Видимым образом русское общество разделилось в сороковые годы в спорах о России. Но в этих историософических разногласиях уже только проявляется несходство в чем-то более глубоком и основном…
Задумываться о русской судьбе (или о русском призвании) в те годы поводов и мотивов было достаточно, — после Двенадцатого года с его «всенародным опытом», после всех этих военных и невоенных встреч с Европой… Россия в Европе, — такова была тема действуемой истории в Александровское время. И сопоставления напрашивались сами собой…
«История Государства Poccийского», эта героическая повесть или эпопея, при всех своих недостатках, всех заставила тогда почувствовать реальность русского прошлого, — реальность и допетровской истории…
Тему о национальном призвании или назначении подсказывала и романтика. Возникал вопрос о месте России в общем плане или схеме «всемирной истории…»

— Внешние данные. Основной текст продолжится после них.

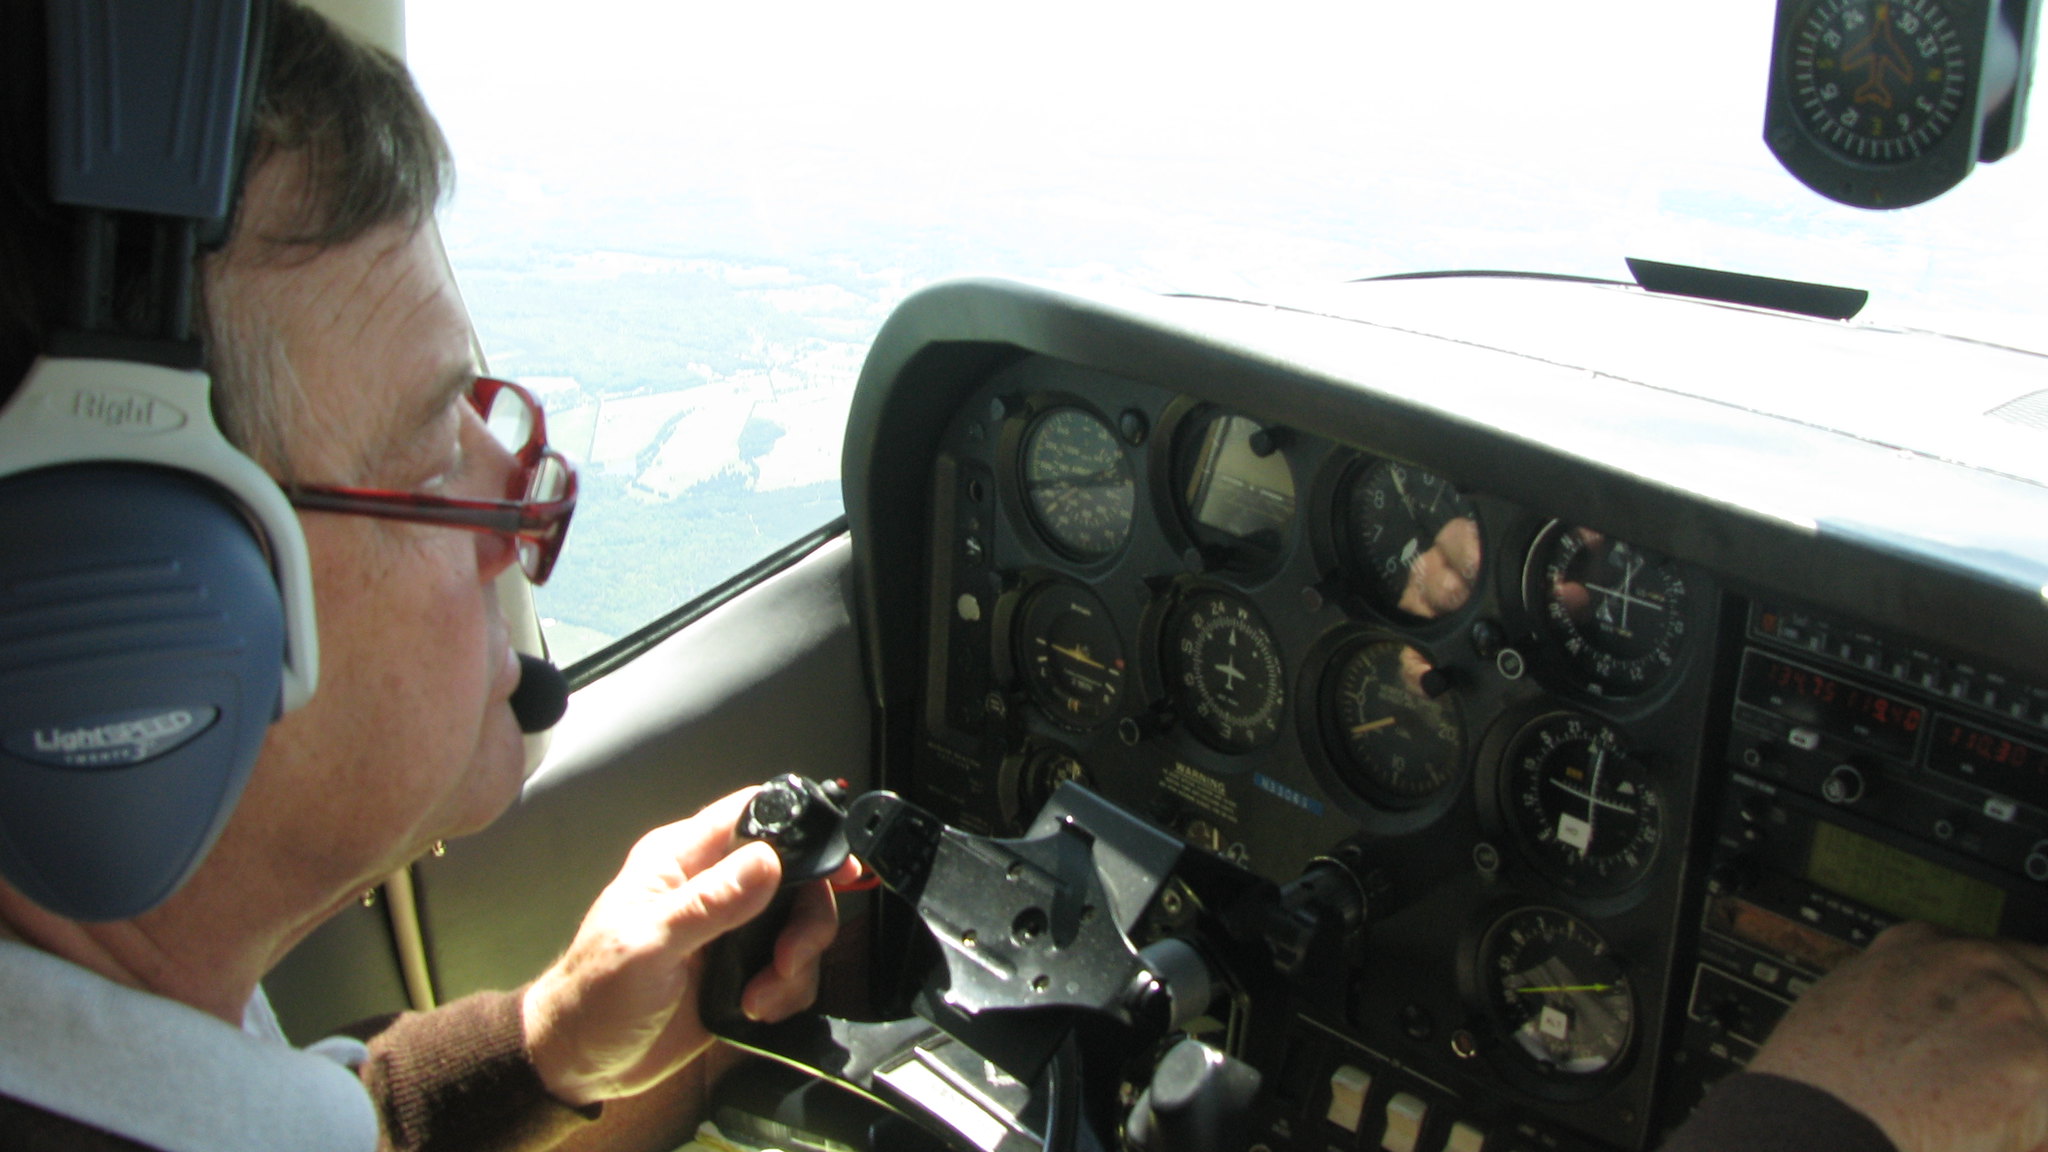 Un pilote aux commandes d'un avion | Source : flickr.com

Историософия русской судьбы и становится основной темой пробуждающейся теперь русской философской мысли. И в этом историософическом плане снова с полной отчетливостью встает в русском культурно-общественном сознании религиозный вопрос. В опыте и раздумьи все очевиднее становится русское историческое своеобразие, некая историческая противопоставленность России и «Европы». Это различие от начала было опознано, как различие в религиозной судьбе. Так именно был поставлен вопрос в роковом «Философском письме» Чаадаева…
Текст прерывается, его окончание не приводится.